En définitive, les décisions récentes du Conseil constitutionnel relatives aux stupéfiants sont appréciables en ce qu’elles consacrent une définition juridique substantielle de la notion. Sans doute cette définition ouvre-t-elle la voie à un contrôle judiciaire des nombreuses substances classées comme stupéfiantes [14]. En revanche, il est plus regrettable que le Conseil constitutionnel légitime sans réserve un abandon partiel de sa compétence par le législateur. Le pragmatisme de la méthode d’incrimination justifie-t-il réellement de malmener ainsi le principe de légalité ? Les débats actuels sur le cannabis révèlent pourtant la dimension politique que peut revêtir le classement d’une substance au rang de stupéfiant.

 

[1] C. Ballot-Squirawski, À la recherche de la notion de stupéfiants, in Les infractions en matière de stupéfiants (dir. E. Dreyer), Gaz. Pal., 2019, n° 17, p. 76.

[2] CE, 8 décembre 2021, n° 456556 N° Lexbase : A53027E4.

[3] Cass. crim., 24 novembre 2021, n° 21-83.406, F-D N° Lexbase : A50457D9.

[4] Loi n° 2020-1525, du 7 décembre 2020, d’accélération et de simplification de l’action publique N° Lexbase : L9872LYB.

[5]  Agence nationale de sécurité du médicament et des produits de santé.

[6] Sous réserve des modifications qui seront opérés, l’arrêté du 22 février 1990, fixant la liste des substances classées comme stupéfiants N° Lexbase : O8565B8Q, demeure en vigueur, comme l’énonce l’article premier de la décision du directeur de l’ANSM du 9 décembre 2021 [en ligne].

[7] Cons. const., décision n° 2021-960 QPC, du 7 janvier 2022 N° Lexbase : A69367HD.

[8] Dictionnaire médical de l’Académie de Médecine, 2022, v. « stupéfiant » [en ligne].

[9] V. également C. Ballot-Squirawski, op. cit., qui avait identifié trois critères : la dangerosité de la substance, son abus (défini par les notions de « dépendance » et de « tolérance ») et le détournement de sa fonction.

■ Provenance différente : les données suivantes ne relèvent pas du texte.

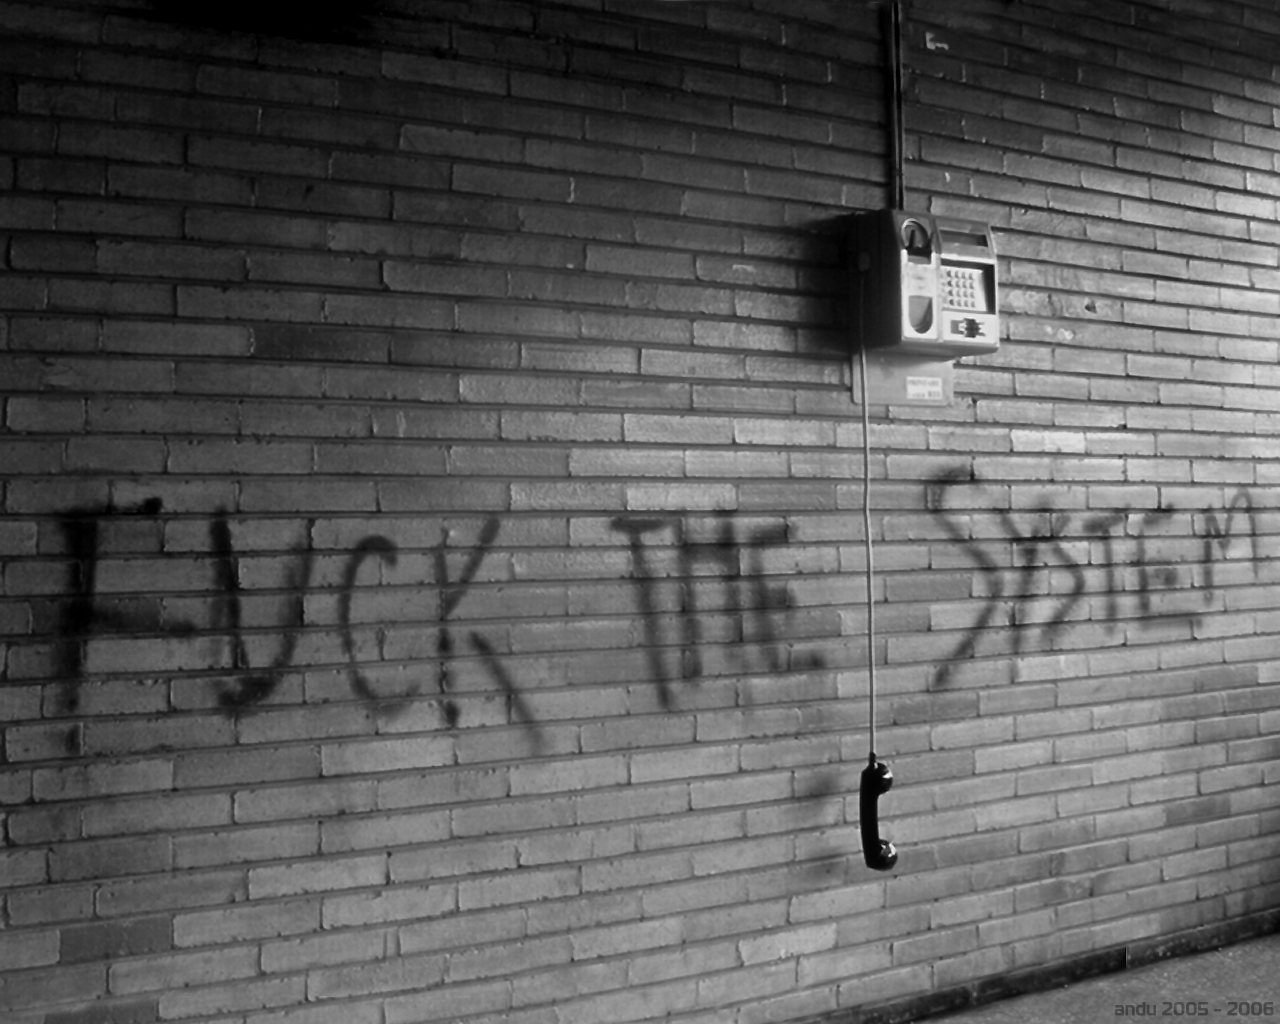 Fuck the system - wallpaper by anduq on DeviantArt

[10] Il est vrai que le Code de la santé publique distingue formellement les stupéfiants des psychotropes (v. par ex., CSP, art. L. 5132-1 N° Lexbase : L4601IRT). Mais, au-delà des classements juridiques, on peut penser que la seconde catégorie englobe, en réalité, la première. En effet, le terme « psychotrope » renvoie à une action sur le psychisme, l’activité mentale. Comment concevoir une substance qui serait « narcotique et euphorisante » sans influer sur l’activité mentale du sujet ? En somme, si un stupéfiant paraît nécessairement constituer un psychotrope, l’inverse n’est pas vrai.

[11] À haute dose, même le paracétamol peut conduire à de graves effets secondaires, telle une hépatotoxicité.

[12] V. également Y. Bisiou, Cannabis homéopathique et définition des stupéfiants, nouvelles évolutions du droit de la drogue, Dalloz actualité, 4 mars 2022, note ss. Cons. const., 11 février 2022, op. cit. [en ligne].

[13] Ce sont les articles 222-34 N° Lexbase : L2009AMD à 222-40 N° Lexbase : L2221AM9 du Code pénal qui répriment les infractions liées au trafic de stupéfiants.

[14] V. Y. Bisiou, Qui perd gagne : vers une définition des stupéfiants ?, Dalloz actualité, 31 janvier 2022, note ss. Cons. const., 7 janvier 2022, op. cit. [en ligne].